Thank you very much for your reply and information, I very much appreciate your insight 

It's great to hear salvini should work ok with my Platydoras. The Panaque are ok too, haven't been damaged again since the first day and are not afraid to chase the salvini away. It's good my salvini is a female and I am especially happy it's so so blue. Quite unusual for what I usually see around as salvini. The smaller final size is good for the tank and fish shape is more appealing to me as well.

I was suspecting 2 cichlids might be trouble but was hoping its workable. Thanks for letting me know it always leads to trouble. I guess it's not worth trying it with a rainbow at all then.? The tank is too small for 5-6 cichlids of this size, so the most likely solution would be to keep it alone with the catfish. I am pretty content with that if there is not much else that can be added, as long as everyone will be happy when salvini is adult as well. So far so good and it's getting acquainted and acclimated in its tank, being less and less afraid of things. It was out when I was cleaning the glass from the outside today, to see if the paper I was holding on the outside is edible... Haha, funny fish, but like it a lot.
The people at my office have named her Bella...


----------



## BC in SK (Aug 11, 2012)

Kostas G said:


> It's good my salvini is a female and I am especially happy it's so so blue.


Actually, I'm only about 95% sure it is a female. Your last 2 pictures appear to show a dorsal blotch/spot which is usually a very reliable indicator of sex, for salvinis. But of course there are always a few odd exceptions. As well, the black spot at the edge of the gill plate is typically a female trait and usually absent on males....though this is a less reliable indicator then the dorsal spot/blotch.
What makes me less certain on it's sex is it's coloration.....it's coloration is much more consistent with a male. But like many cichlids are very chameleon-like, so I'm thinking it's color has more to do with the mood/state the fish is in, and not really settled in yet.


BC in SK said:


> Unlikely for the salvini to ever feel all that comfortable in a tank with out numerous tank mates. IME, adults tend to be even more scared and skittish, unless kept in an active community tank with many other fish.

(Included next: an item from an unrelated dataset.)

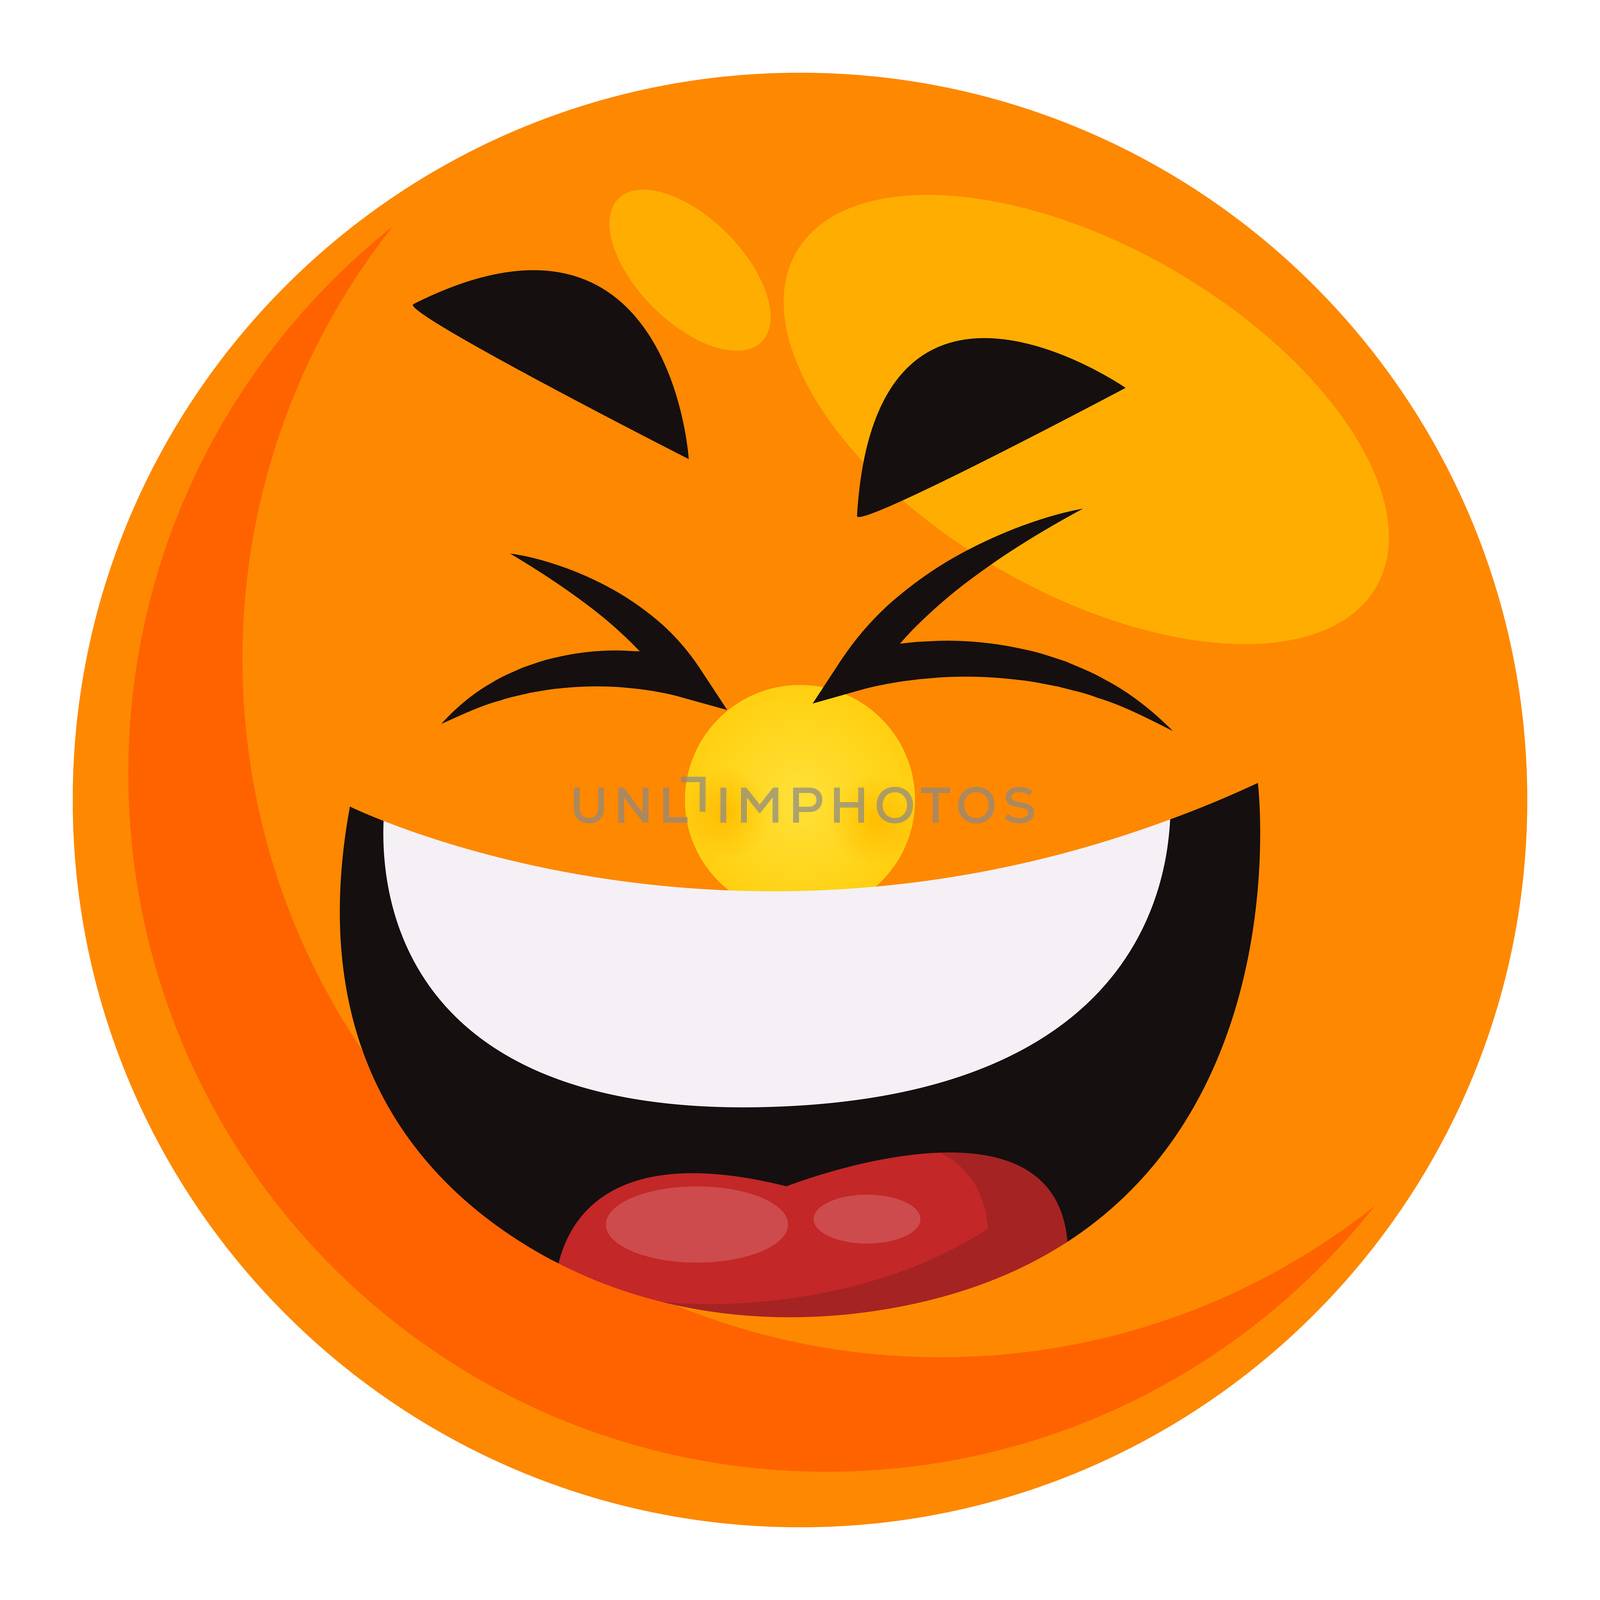 LOL emoji, illustration, vector on white background by Morphart

I think you might be over looking this.
IMO and IME, mbuna make good tank mates for salvini ( one eg. yellow labs). If you are not considering adding any other cichlids, some kind of " schooling dither" would be worth a try, IMO. Beunos aires tetra has been suggested, though I tend to think giant danios would have a better chance. IME they did quite well with salvini.....though I must say they all ended up being swallowed whole eventually, by my female salvinis . Long term success could depend on who grows quickest. I've had good success keeping blue/gold/opaline gourami with salvini. A small group might be worth a try, though hard to predict to what extent a salvini might focus on them in the absence of other cichlids.


----------



## Kostas G (Oct 5, 2015)

Thank you very much for your reply! 

Thank you for letting me know how you sexed it! The anal fin seems somewhat rounded at the edge, not too pointed, which would add to the probabilities of it being female. I really like its predominantly brown and blue coloration, as it quite reminds of Green Terror, which is a favourite. 
I can attest to the chameleon-like ability to change colours at will! When we caught it at the LFS, it immediately went yellow with a black strip while in the net. It was blue again shortly after getting it in the bag. I think it choses the yellow coloration as its stress coloration and keeps the blue when ok. This particular specimen at least as most i see for sale have quite a bit or yellow rather than blue.

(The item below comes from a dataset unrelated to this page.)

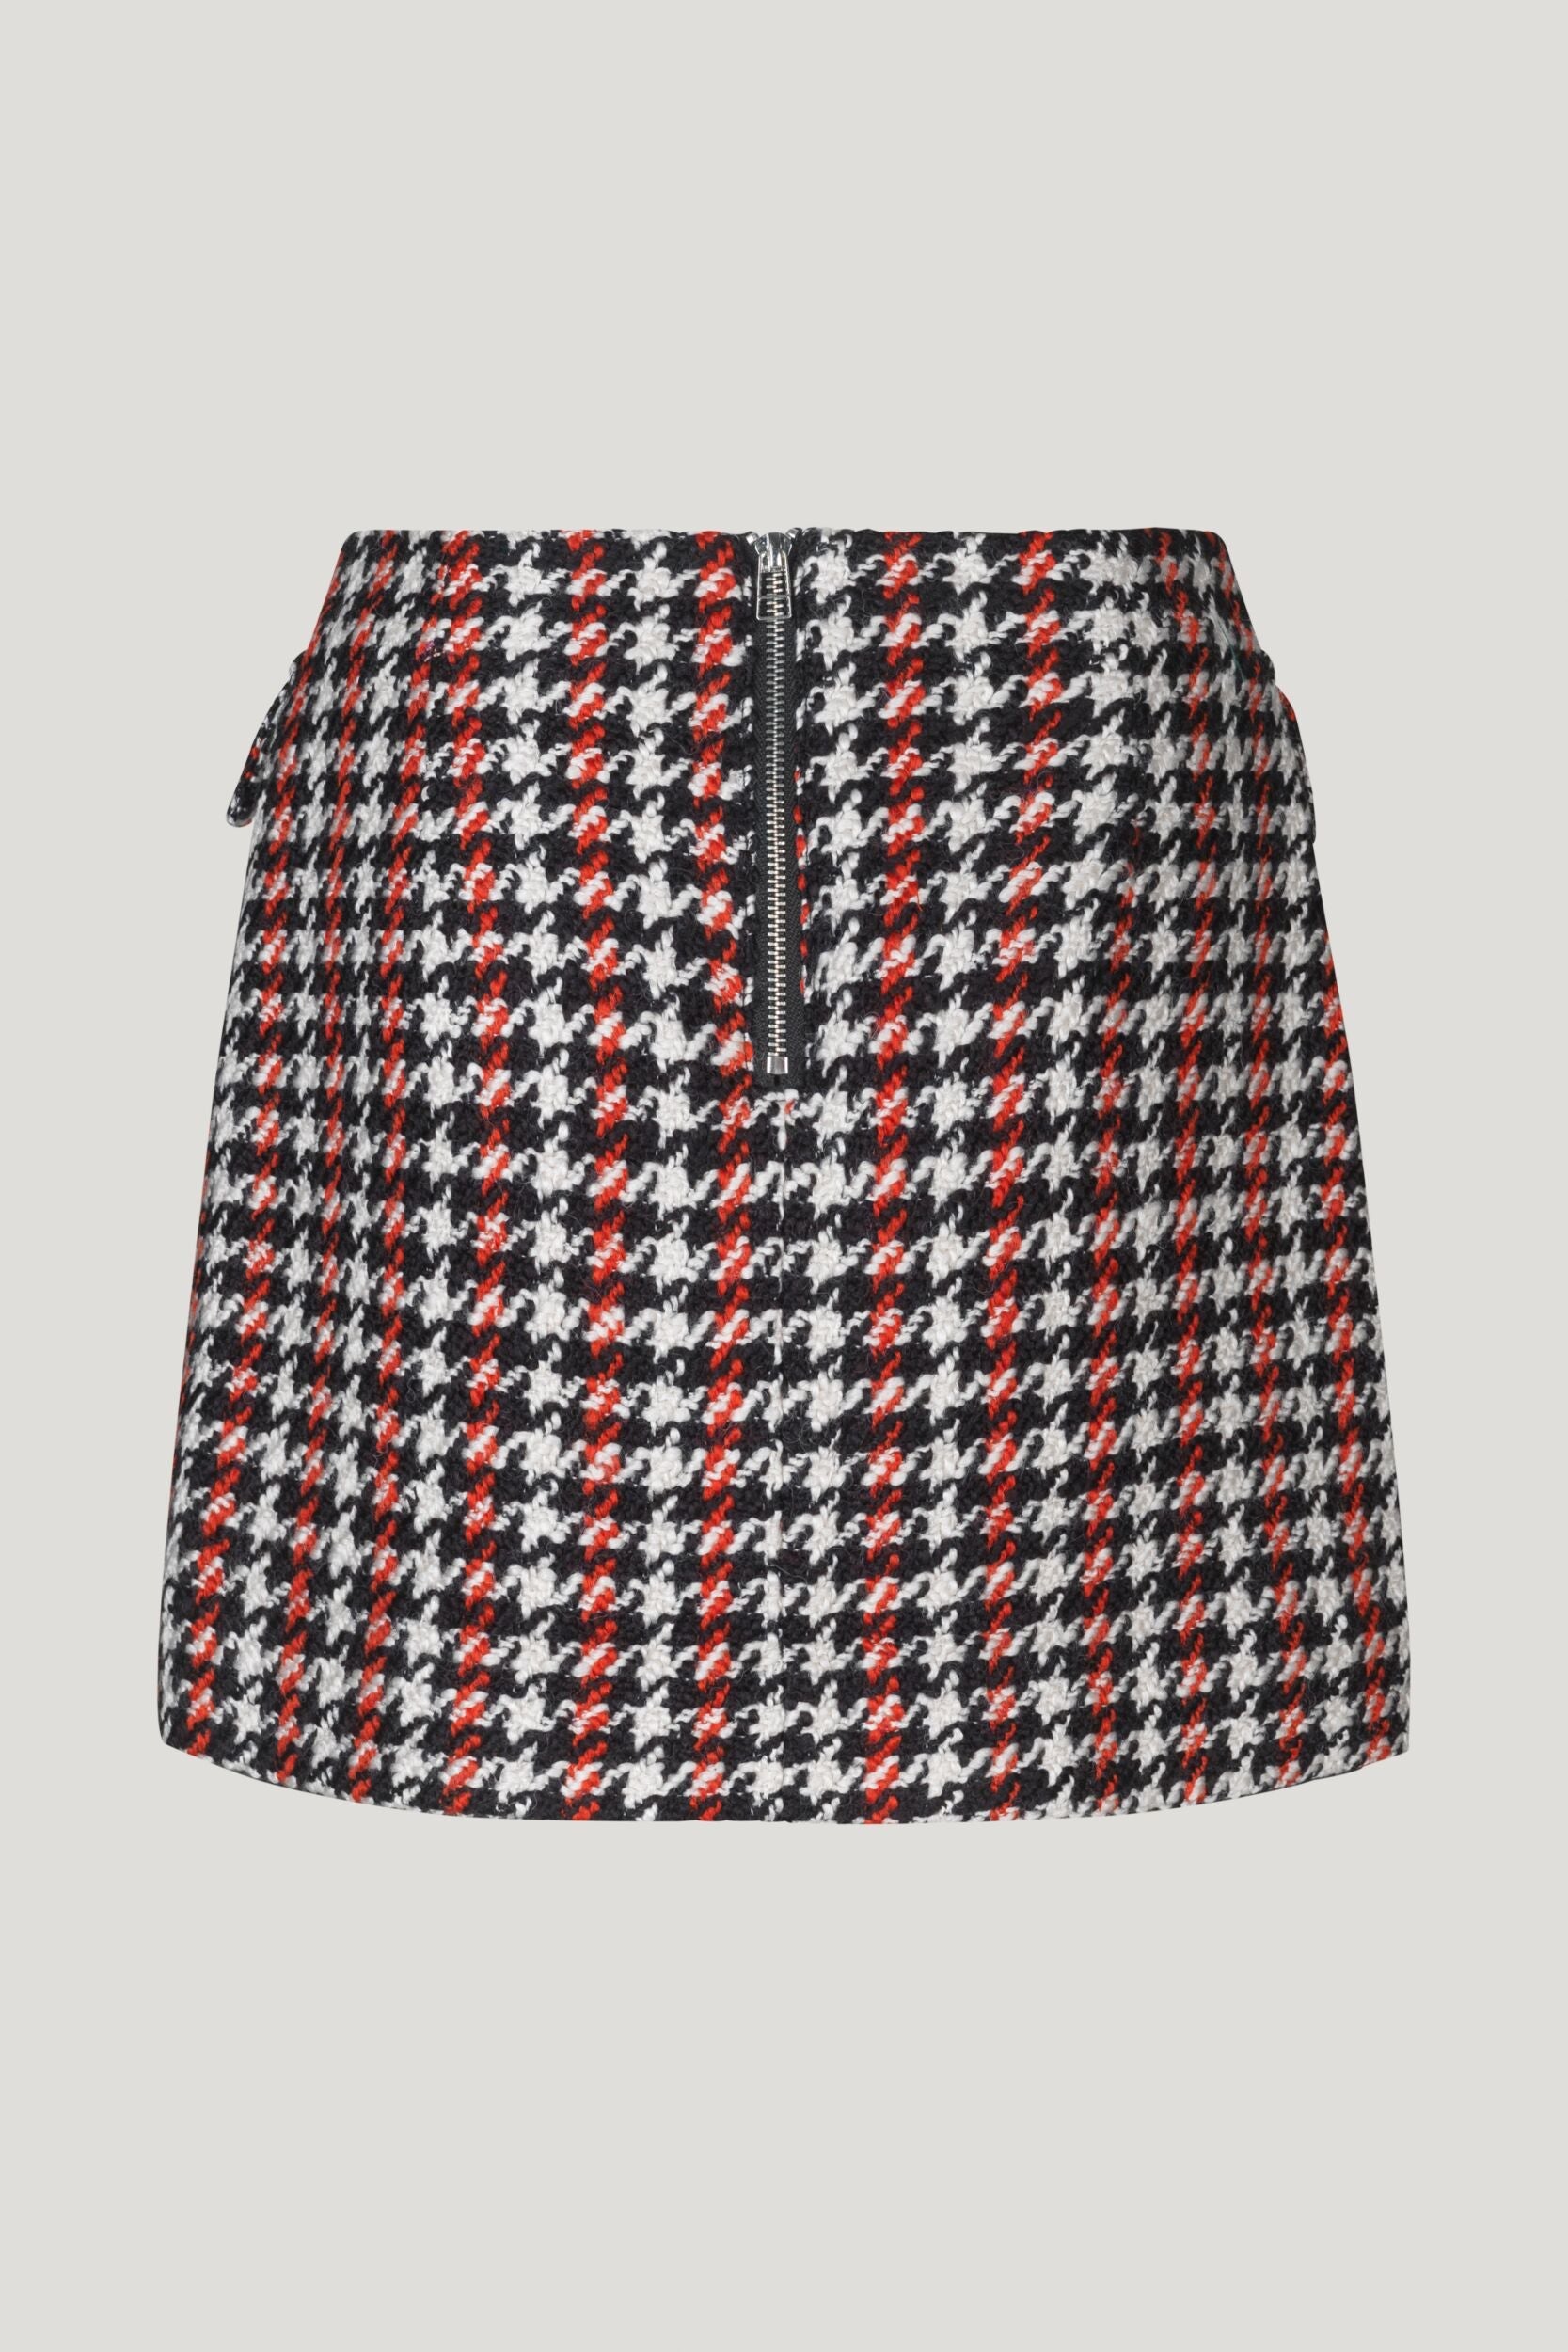 Black white and red check mini skirt

I do am considering adding something, wether cichlid or dither, but i don't see it working. The Buenos aires tetra are plant eaters and can't add them(the tank has lots of plants) and i wouldn't like adding fish from other continents in this tank. The good thing is that its settling nicely and is frequently out swimming calmly in the tank. The tank is at the reception of my company and thus sees medium traffic around it, but i think its settling pretty fast for this environment. The plea


----------



## Kostas G (Oct 5, 2015)

Edit cut me out...

The pleasant thing is that it's behaving the way a settling in Microgeophagus altispinosa would behave and should get fully settled soon the way I see it


----------



## BC in SK (Aug 11, 2012)

Kostas G said:


> i wouldn't like adding fish from other continents in this tank.


Well you already have a mix of fish from different continents. Your catfish are from South America. If your going to consider salvini as coming from any continent, it comes from North America , NOT South America. Central America is part of North America, not at all part of South America.


----------



## Kostas G (Oct 5, 2015)

I prefer to call it "The Americas", as the flora and fauna is not really separated, there isn't much of a barrier


----------



## BC in SK (Aug 11, 2012)

Kostas G said:


> I prefer to call it "The Americas", as the flora and fauna is not really separated, there isn't much of a barrier


Just like Africa with Europe and Asia, there "flora and fauna is not really separated". They are all connected by land. Some people even refer to Europe and Asia as Eurasia. More land connecting Africa with Eurasia then there is land connecting South America with North America. 
Different ways at looking at land masses, especially continents. But anyway you want to slice it, you already have a mix of fish that comes from different waters and envirements that are many thousands of kilometers away from each other.


----------



## Kostas G (Oct 5, 2015)

I agree on that, the catfish wouldn't see this cichlid species in their habitat. Still the looks and anatomy is very similar to South American cichlids like the Aequidens genus. African cichlids are quite different from that and the Asian cyprinids and Gourami don't have similar things in South or Central America. There characins predominate.


----------